Rodney Adler’s slow rise from corporate purgatory continues unabated, with a book deal and an eponymous synagogue extension competing with claims that he has emerged as a “shadow director” for ambitious agricultural company Almighty Fodder.

Now, the makeover has extended to the internet — on Monday, Adler instructed his eagles to slap a cease and desist order on the vanity site that bares his name, www.rodneyadler.com.

Until yesterday, the site contained a wild screed penned by a Frank Nejad, who has been venting his frustration on Sydney business and legal big wigs ever since his chain of souvenir shops went bust in the late ’90s, purportedly over unpaid rent at the Darling Harbour shopping centre.

On Tuesday, Adler’s eagles instructed website host Melbourne IT to take down the site, alleging that the comments on the site were “potentially defamatory” and in breach of the Melbourne IT Acceptable Use Policy, which prohibits “harmful activity”.

As a convicted crim, Adler does not have much of a reputation to defend, but he told Crikey that he had acted because he was scared people would think the rant had been written by him (despite the words “By F.M. Nejad” appearing in 20-point headline at the top of the page).
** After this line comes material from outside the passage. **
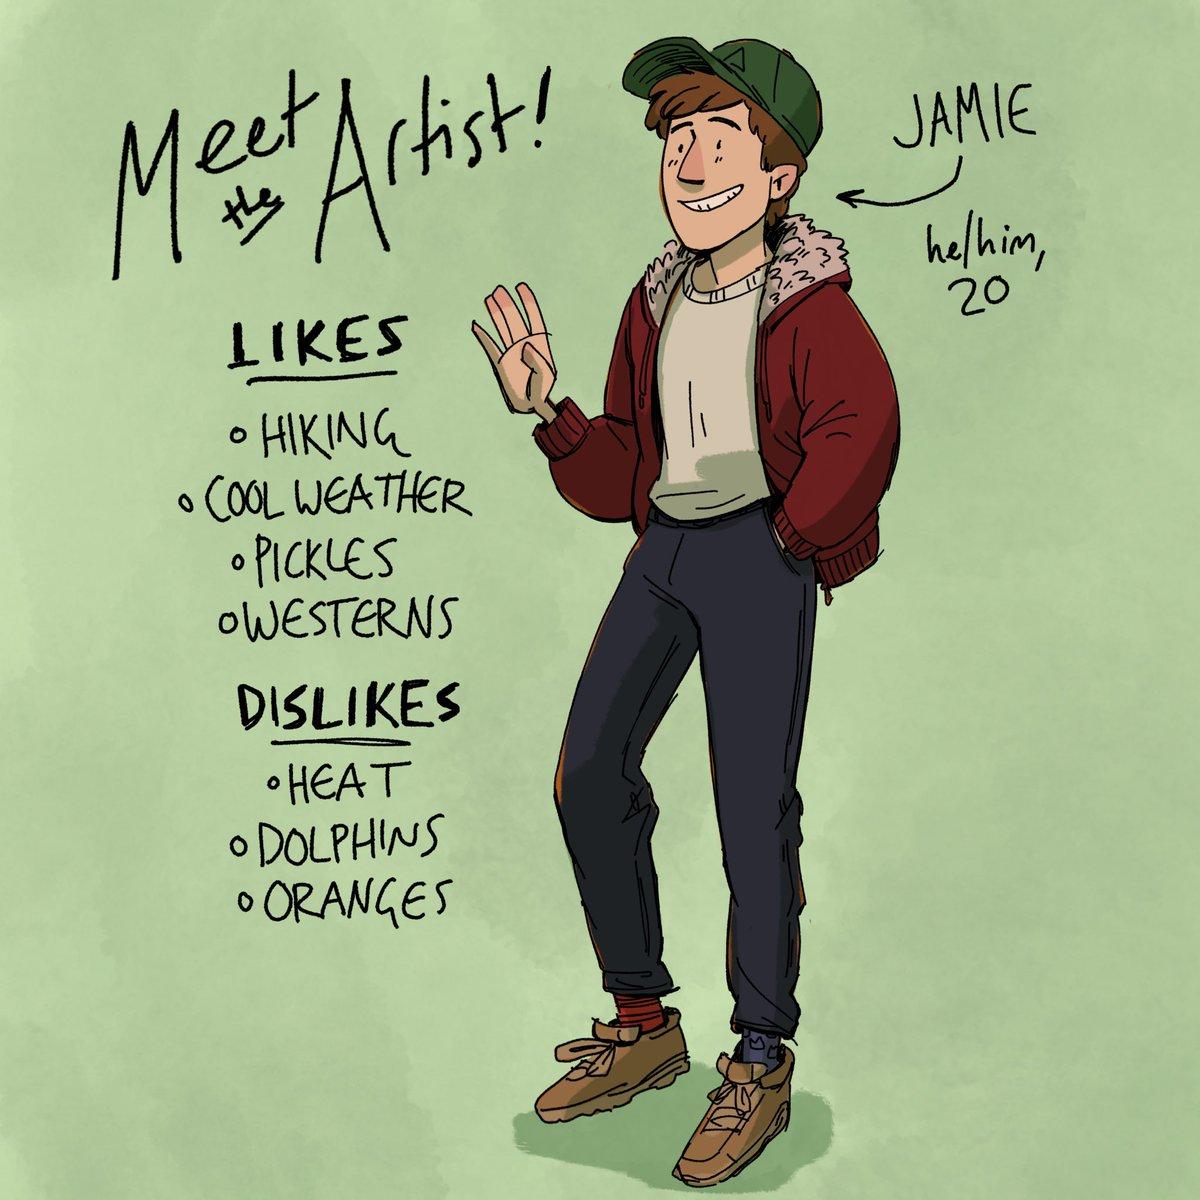 #TRANSMASCARTISTS HEY I'M JAMIE! i draw comics and fantasy stuff <br>http://pic.twitter.com/JDyRQRXHjr

“A friend of mine made me aware of the site a few weeks ago”, Adler told Crikey from his Sydney office.

“We wrote to the host, Melbourne IT, to take it down because people were apparently thinking that the crazy allegations were mine.”

Adler denied he was preparing the site for a relaunch to flog his new book or other related ventures.

The site also contains a host of claims against other reputationally challenged figures, including Marcus Einfeld, who apparently presided over one of  Nejad’s litany of legal challenges. Graeme Samuel and Neville Wran also came in for a bollocking.

However, the sentiment is reversed for Crikey scribe Alex Mitchell, who exposed Adler’s attempts to run companies from jail during his days as chief political correspondent on the Sun Herald.

Adler is currently engaged in a high-wire act over his corporate dealings. Under the terms of his parole, he is banned from managing a corporation or from making decisions that affect a businesses’ operations. Recently, aggrieved shareholders in Almighty Fodder claimed that he was doing just that.

In an amusing twist, a furious Nejad said he had now entered his now offline anti-Adler “investigative journalism” in the Walkley Awards for best website, joining such esteemed company as, erm, Crikey.